There are loads of people out there who want to localise WordPress, but the barrier to participating
is quite high if somebody has no experience using gettext or poEdit.  In an effort to lower this
barrier, I've written a plugin called Mocha, which lets people localise all three parts of WordPress
(core, plugins and themes) from one admin page.  It's not ready to go public yet, but it's to the
point where I think it's starting to become useful.  I'd really welcome feedback from anyone who
could take the time to test it out.

Usage should be very simple.  Go to Options->Mocha, make a couple of selections and click Get
Strings.  When you're done, click Save Translations.  You should see your changes take effect
immediately.  If Gengo is installed, the list of locales is auto-populated, otherwise you can type
the locale you want to use in a text box.

If a po file for your chosen language and type already exists, the po file is retrieved for editing.
 If it doesn't, the po file is copied from the base pot file.  If there is no pot file, one is
automatically generated from the __ and _e strings.  For core files, the Mocha zipfile includes
wordpress.pot and wordpress-21.pot.  Just because that's what I'm using here, the wordpress.pot file
is for 2.0.x.  If you are running WordPress 2.1, rename wordpress-21.pot to wordpress.pot.
(Basically, wordpress.pot should be the pot file for the version of wordpress you are running).

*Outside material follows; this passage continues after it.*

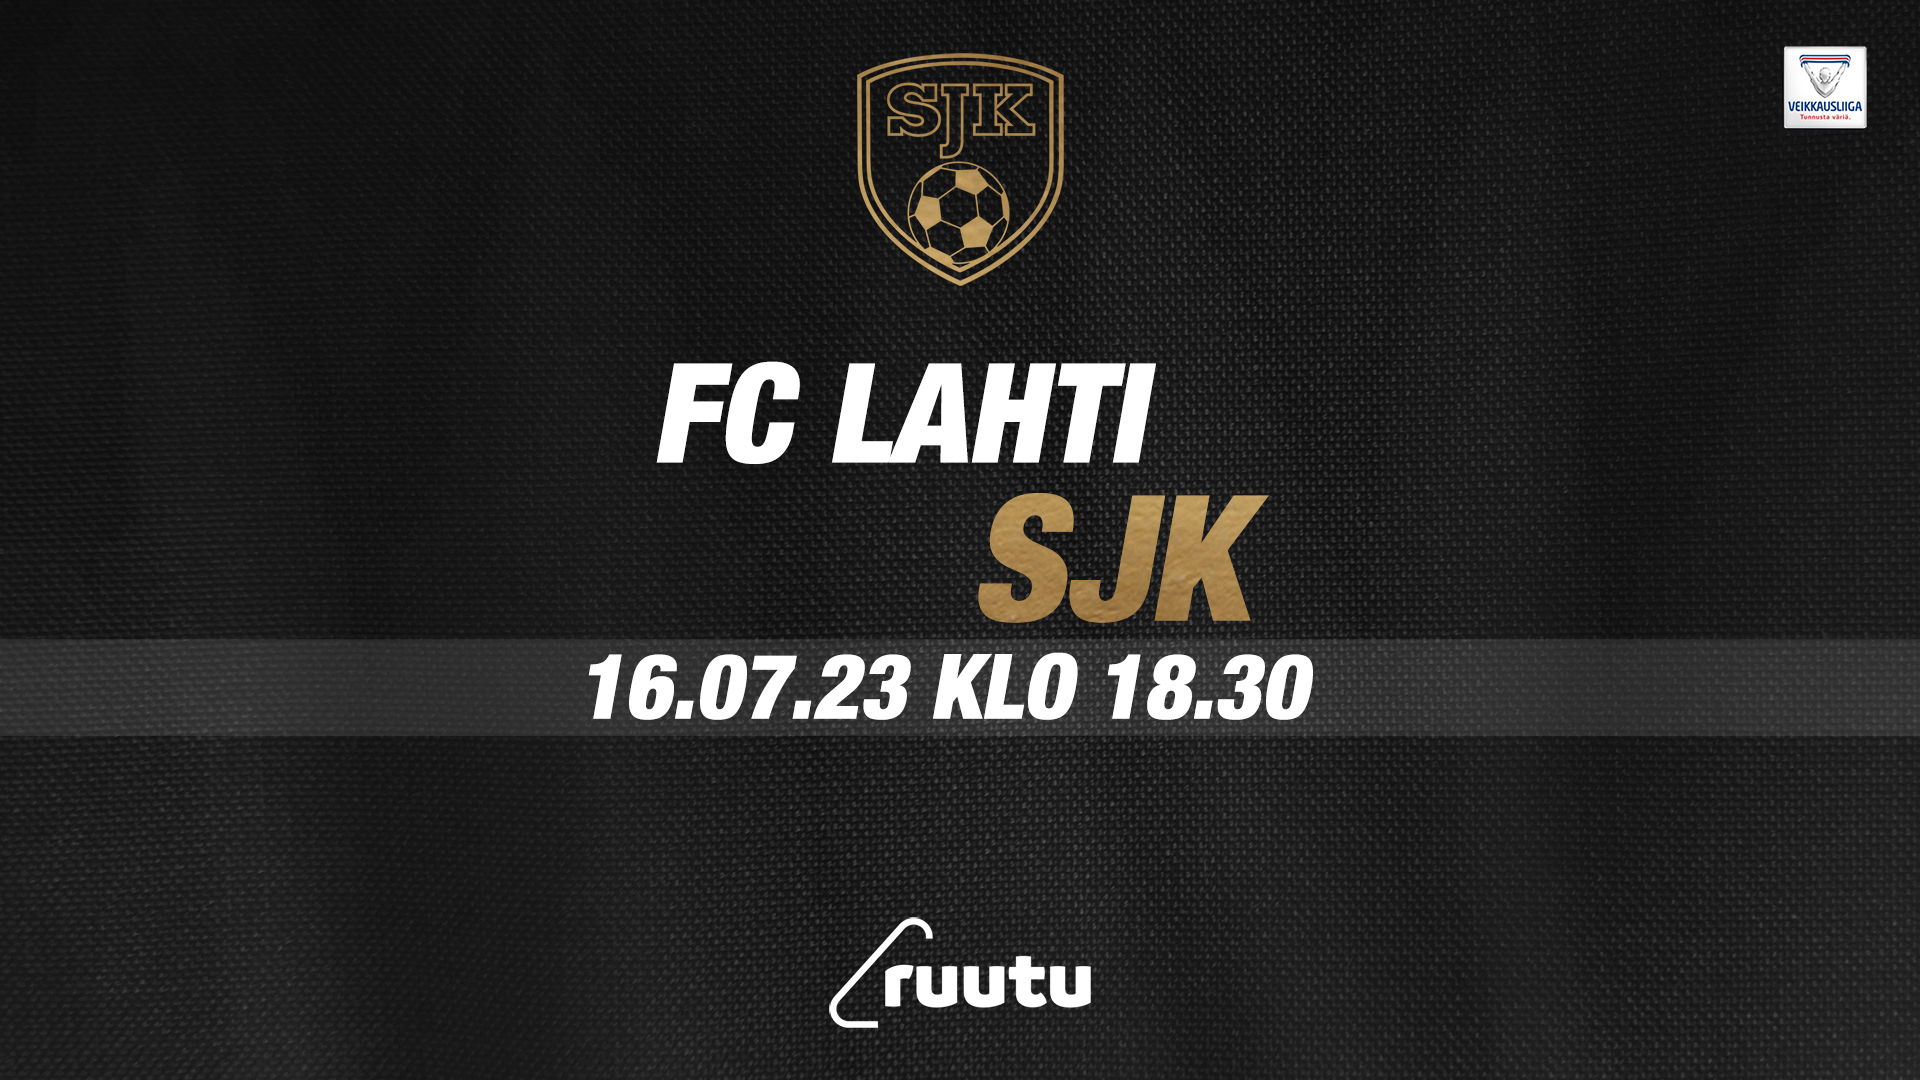 Veikkausliigassa sunnuntaina FC Lahti – SJK klo 18:30

A good test of its capabilities might be to use Mocha to localise itself.  There's no mocha.pot file
in the distribution, so see how the auto-generation works and what information you think is missing.
 Be aware that WordPress Core Files contain more than 1000 strings, so it could take some time to
load up if you choose that option.

All feedback is welcomed of course, but I'd like comments specifically about any extra information
that you'd require in the headers, the file format and of course any bug reports.

Just as a precaution, make a backup of your po files somewhere before you let Mocha get near them -
it should be safe, but you wouldn't want to lose all your hard work!  It's tested and working on
2.0.x -> 2.2-bleeding, but still.

You can get it at http://jamietalbot.com/wp-hacks/mocha/mocha.zip

Caveats:

* It only works if the gettext tools are installed on the server - that would be most, if not all,
*nix servers.  The code is there for it to run on Windows, but it requires a couple of executables
and dll files, which I didn't want to redistribute with the plugin.

* It only works for plugins that are installed in their own folder.

* There isn't much error checking there yet - there's no matching of %s arguments, like poEdit does,
for example.  There's no checking to see if gettext exists yet either...

* It can't merge two catalogs yet.

* It doesn't write plural forms yet - mainly because I don't understand them.

* There's no Ajax spinning disk yet.

Future Plans:

* I'd like to put in a one-click submit to central repository button, where the localisations can be
made available for everyone.  I'd also like to use this to pull in localisations that are missing.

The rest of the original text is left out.